Our personalities and interests and differences make for a good discussion if nothing else. This thread is about the only one I have payed attention to for months. The other ones are filled with trolls or real climbing, which I don't even do anymore. I love the TR's, though.

Mental speculation is fun to me, and I don't get pissed at people over it. This thread is full of intelligent people from differing life experiences and opinions. They all bear some relevance.

Most of the time, anyway.
healyje

Trad climber
Portland, Oregon
Feb 6, 2013 - 03:04pm PT
I don't know, I generally take strong belief in absolutes and dogma to be more a sign of emotional challenges in the face of adversity and exposure to life's harsher realities.
Norwegian

Trad climber
Pollock Pines, California
Feb 6, 2013 - 03:13pm PT
sweet ed,
you totally dreamed up the equation
that quantifies a waste of time,

at 95% CL in the mass range 111–559 GeV, except for the narrow region 122–131 GeV. In this region, an excess of events with a local significance 5.9 σ, corresponding to p₀ = 1.7 × 10⁻⁹, is observed. The excess is driven by the two channels with the highest mass resolution, H→ZZ(∗)→4l and H→γγ, and the equally sensitive but low-resolution H→WW(∗)→lνlν channel.
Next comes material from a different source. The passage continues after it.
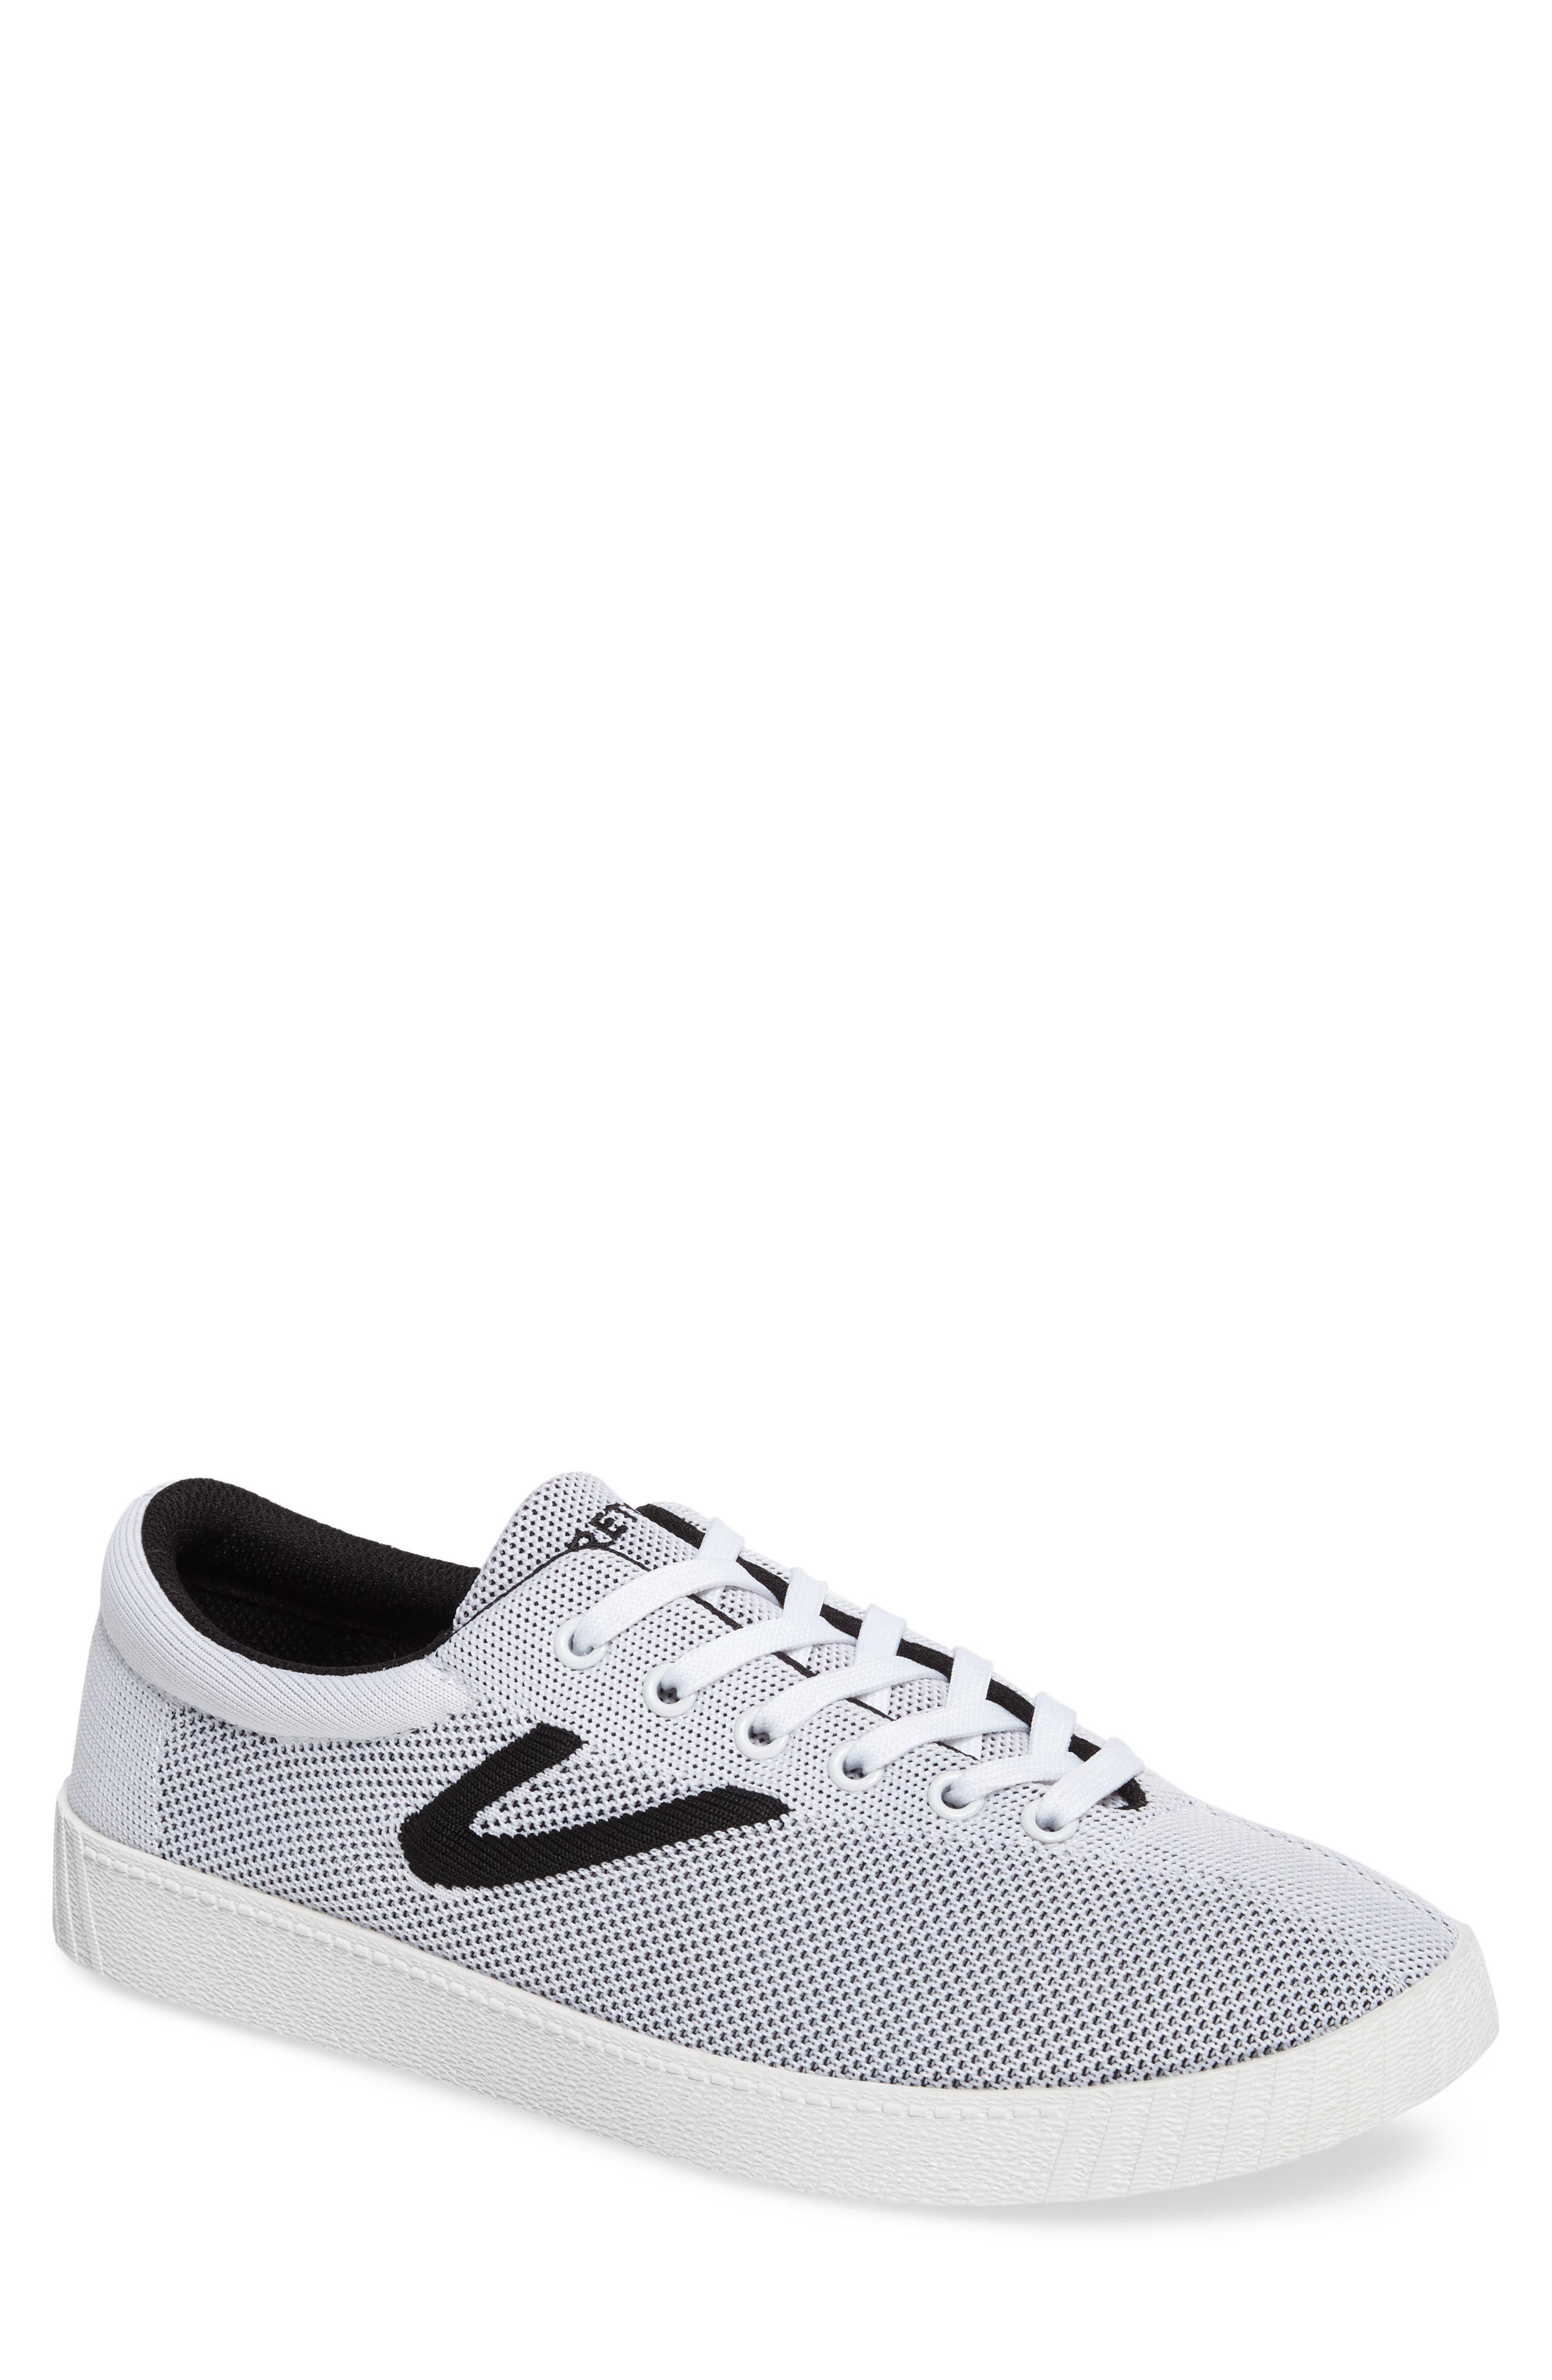 Main Image - Tretorn Nylite Knit Sneaker (Men)
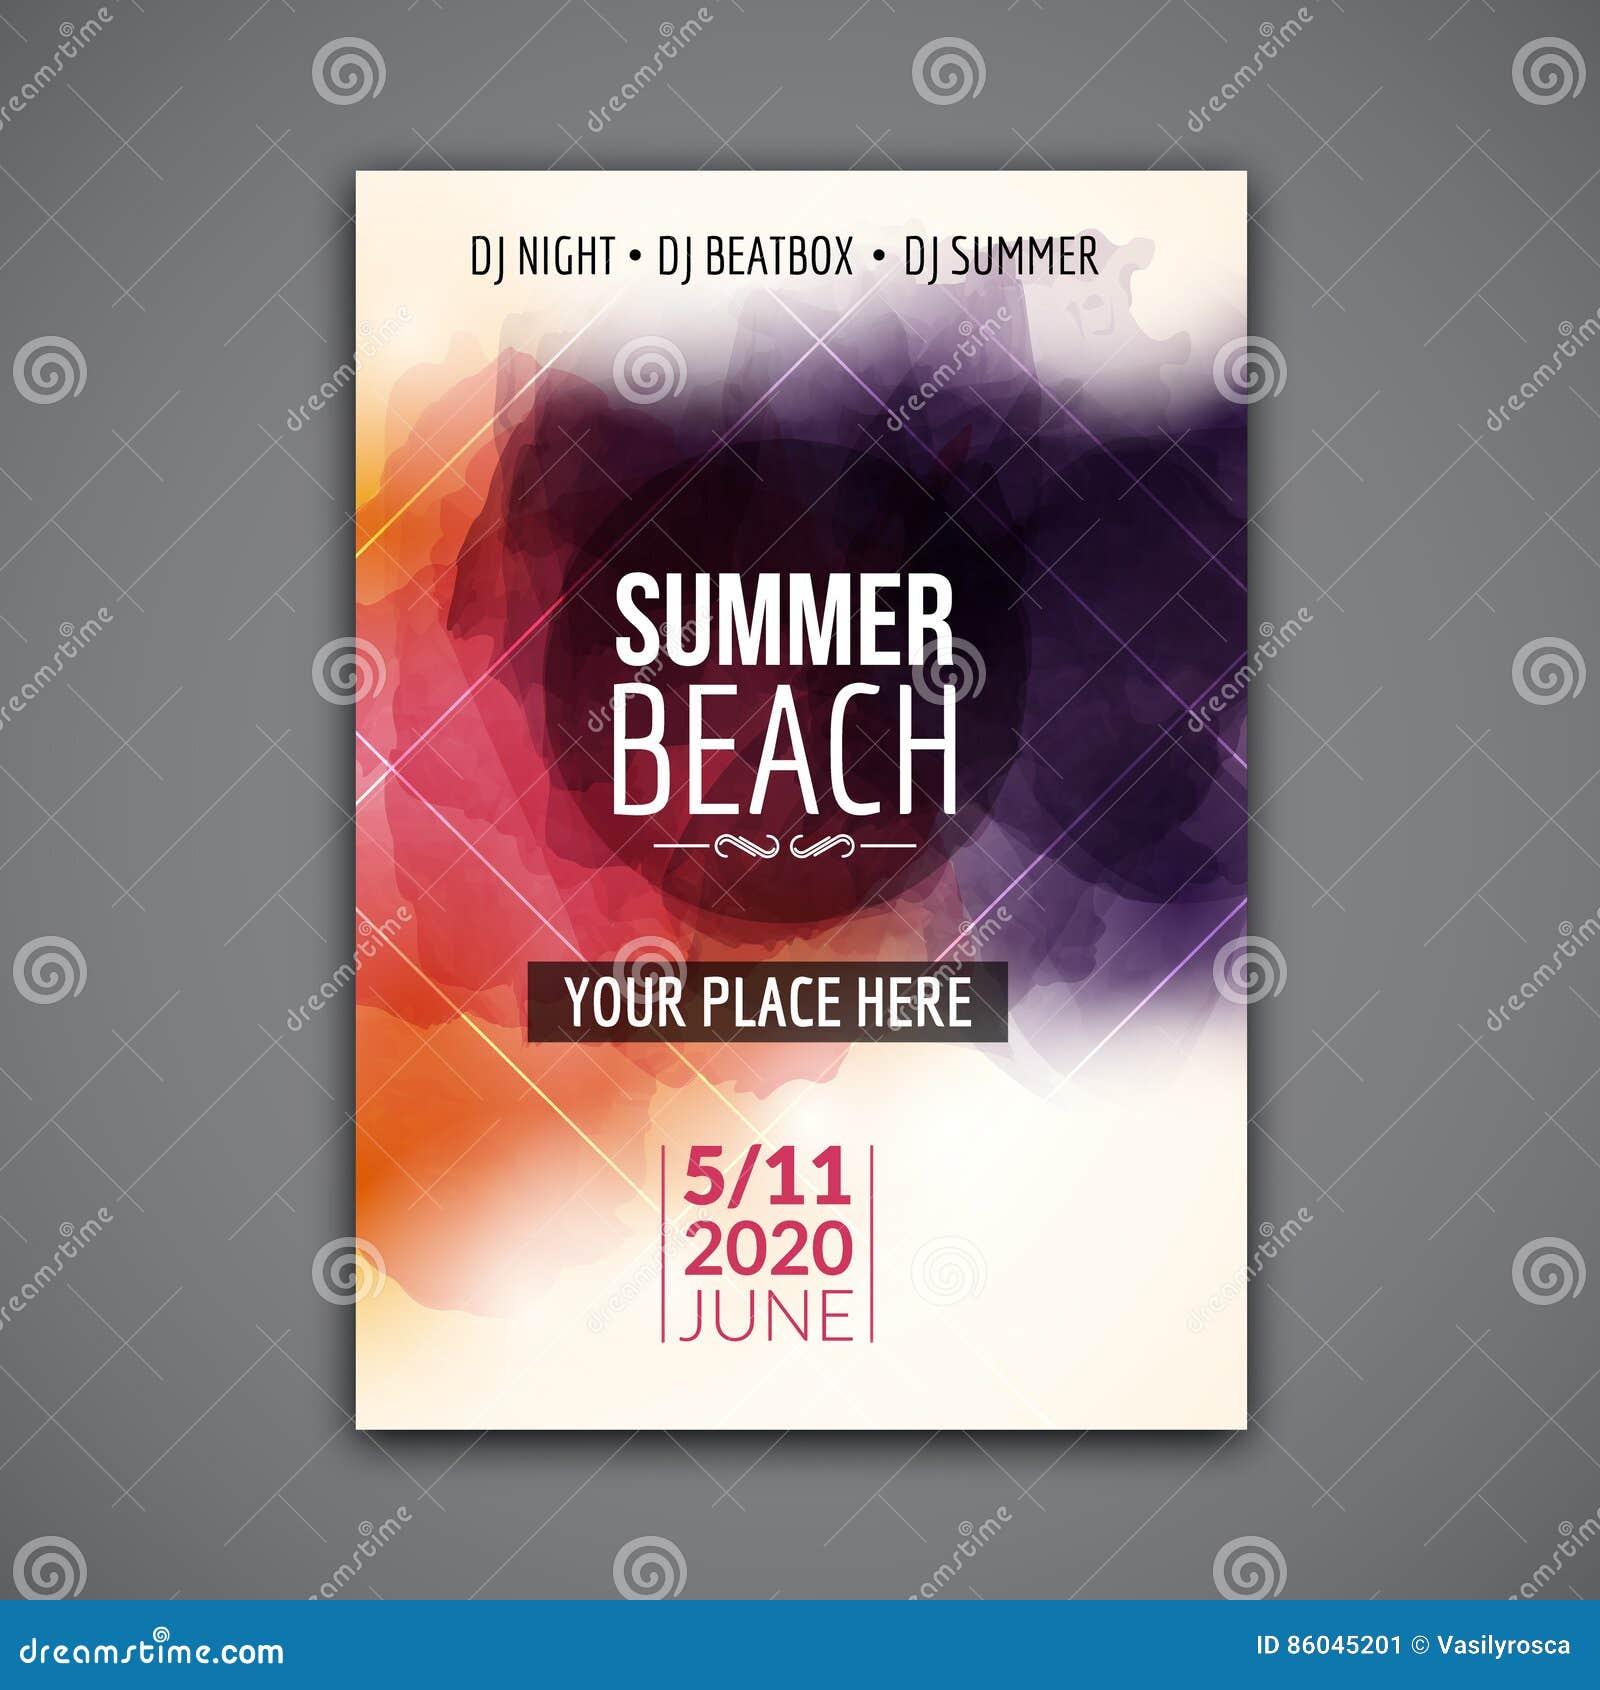 Summer Beach Party Flyer Template Design Summer Party Design Layout

Taking into account the entire mass range of the search, 110–600 GeV, the global significance of the excess is 5.1 σ, which corresponds to p₀ = 1.7 × 10⁻⁷.

..you just unraveled eternity, and it is not continuous.
for everyone with carbon towing their chain
attempts to justify times passage with
mediocre's like understanding and love, and grace and such shite,
and then mr. dr. ed comes along
and whispers that time is best spent, wasted.